Place

Dolores Huerta's House

A woman stands on a chair, arm raised, speaking into a microphone while surrounded by people
Dolores Huerta speaking at a United Farm Workers rally in Salinas, CA, in 1970.

Bob Fitch Photography Archive, Department of Special Collections, Stanford University Libraries

Quick Facts
Location:
909 Belmont Street, Delano, CA
Significance:
Home of labor organizer Dolores Huerta during the early days of Cesar Chavez' movement to organize farmworkers.
OPEN TO PUBLIC:
No
MANAGED BY:
Private Residence

Audio Description, Cellular Signal

Dolores Huerta lived in this house while she worked with Cesar Chavez to improve conditions for farmworkers.

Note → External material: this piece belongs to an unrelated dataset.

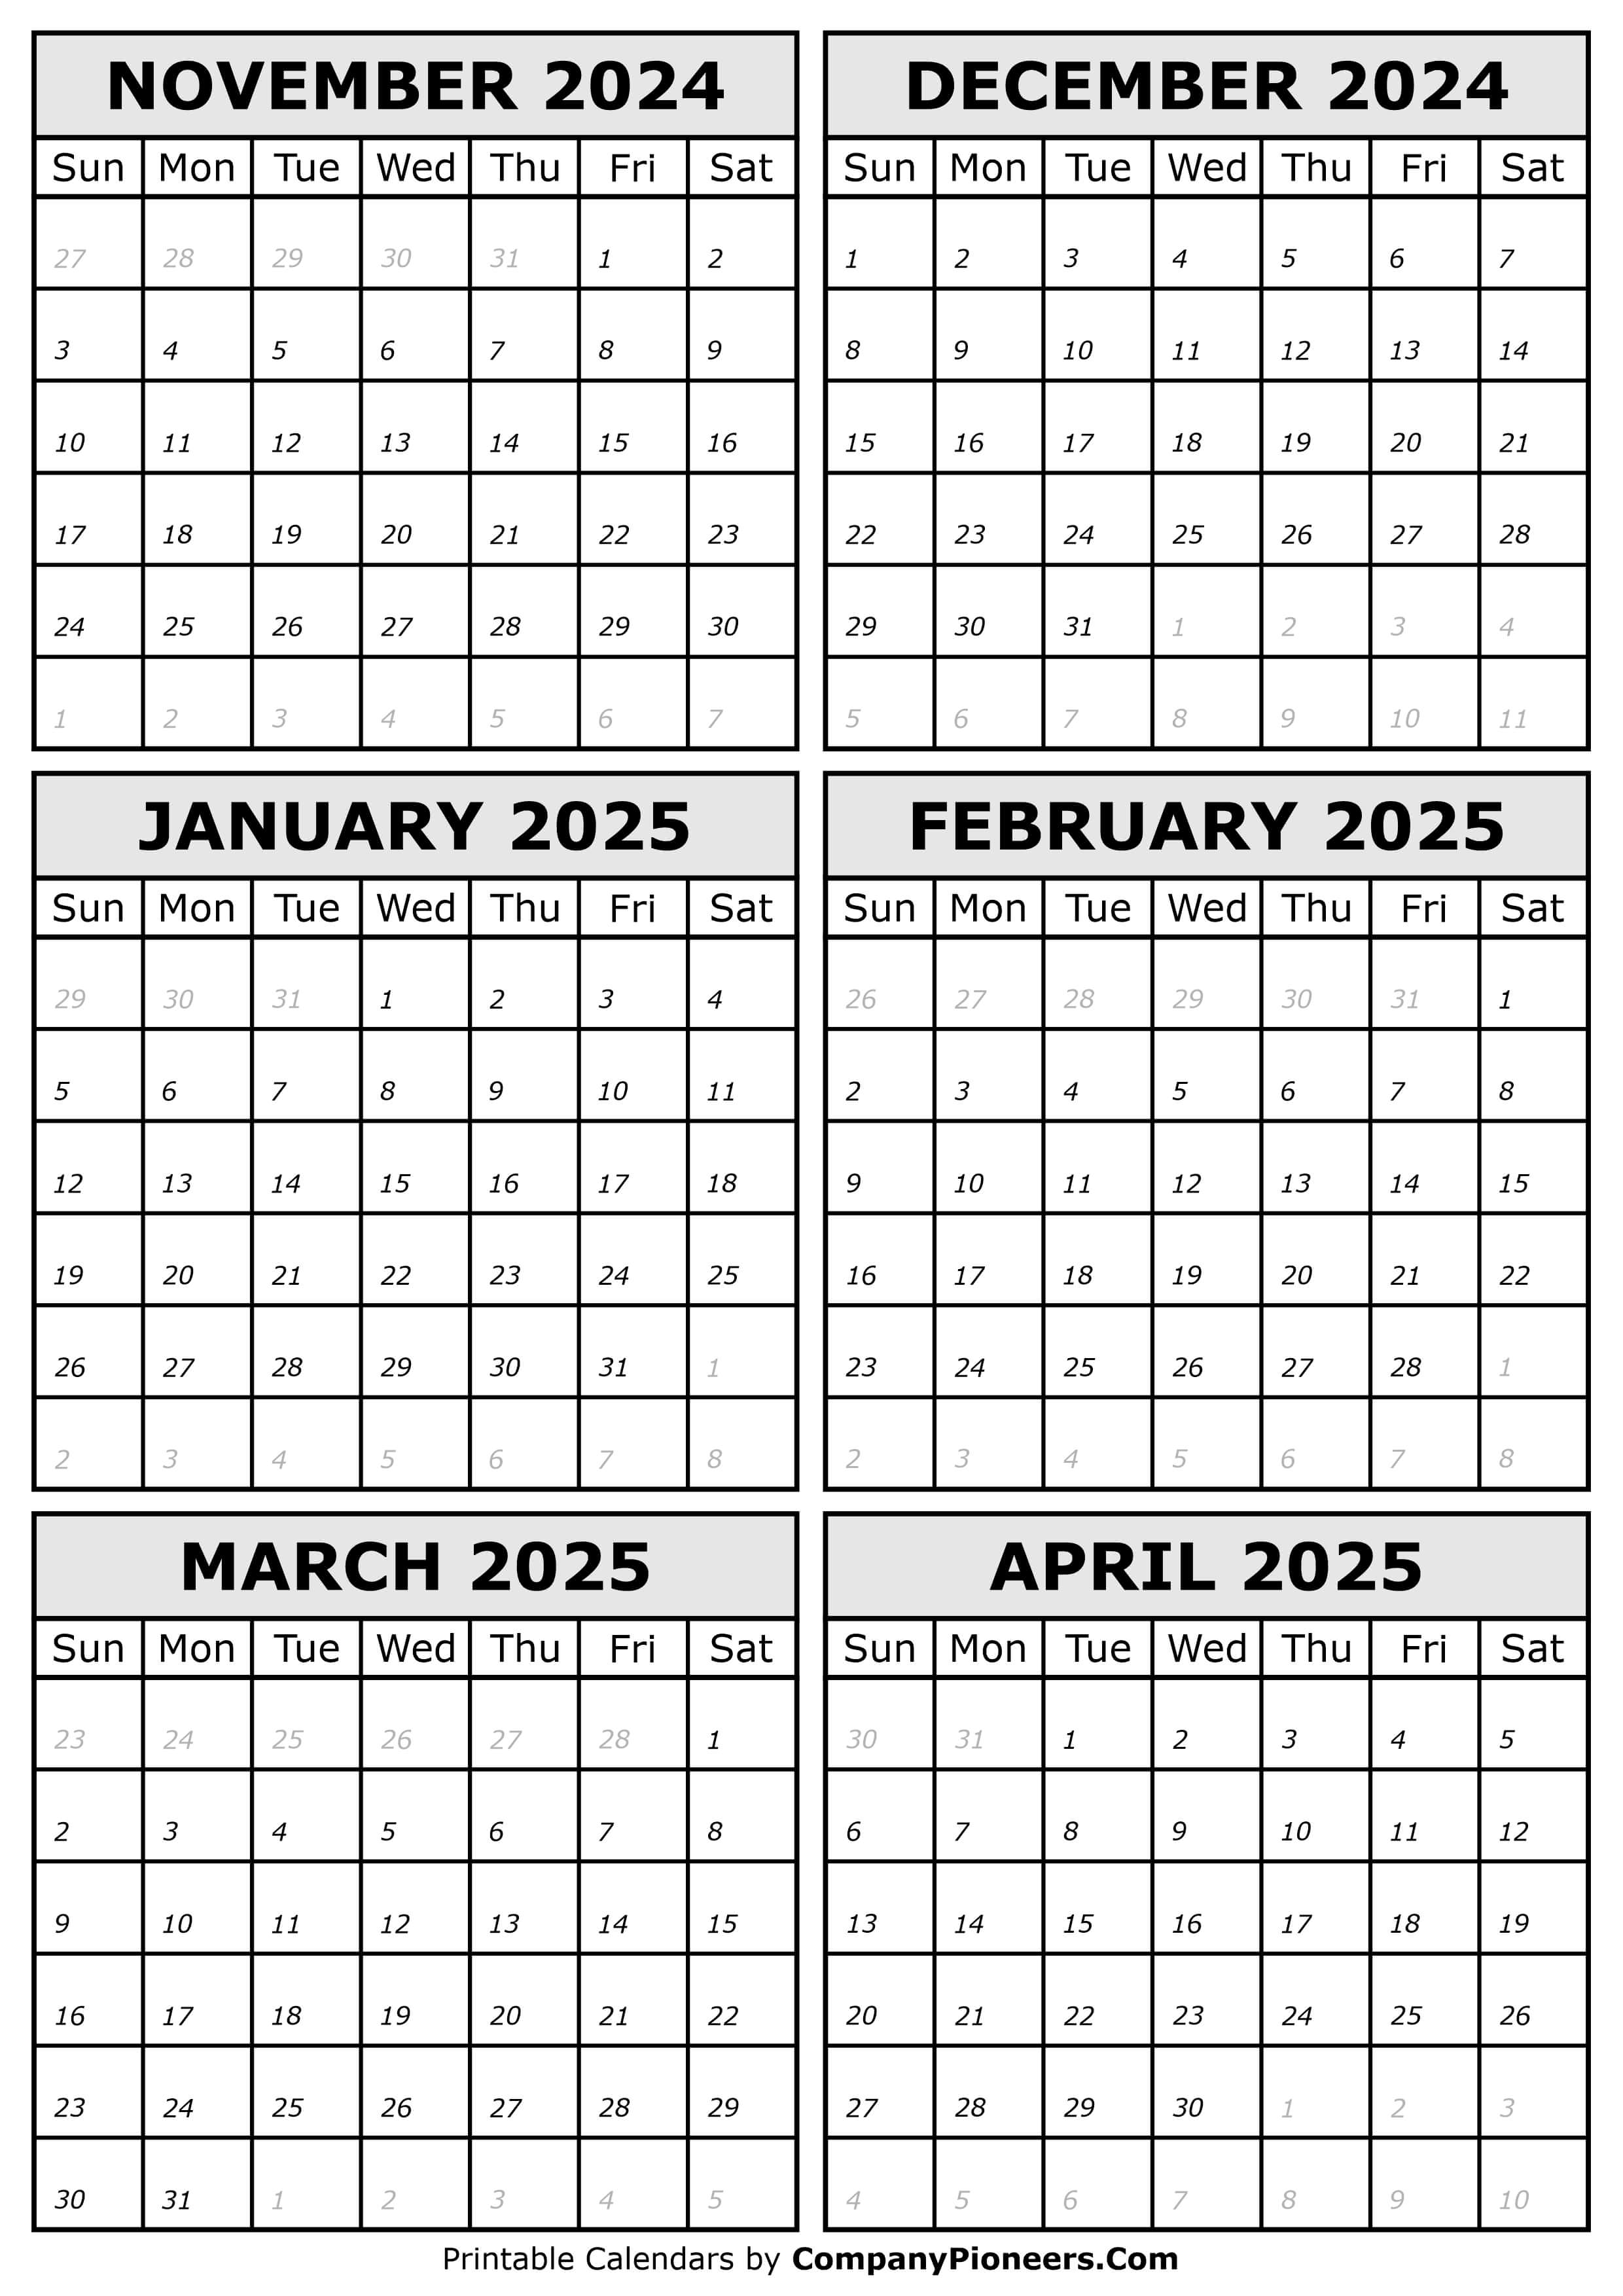 2024 November to 2025 April Calendar

This building is a private residence. Please respect the privacy of the family who lives here. Do not enter the fenced area.

Dolores Huerta

Dolores Huerta grew up during a time of economic and racial injustice in Stockton, California. She became a schoolteacher but couldn't stand seeing students come to class hungry. When she was 25 years old, famed community organizer Fred Ross recognized her talent and she became an organizer with the new chapter in Stockton of a Latino civil rights group called the Community Service Organization (CSO). Another CSO organizer was Cesar Chavez.

Cesar and Dolores decided to create a farm workers union. Dolores resigned from the CSO in 1962 to help create the National Farm Workers Association (NFWA) along with Cesar, Gilbert Padilla, Manual Chavez, Julio Hernandez and other early organizers. Dolores, Cesar and Gilbert drew on the community organizing principles they learned in CSO, convinced that it would take more than a union to help farm workers overcome the crippling dilemmas they faced at both the work site and in their communities; it would take a movement.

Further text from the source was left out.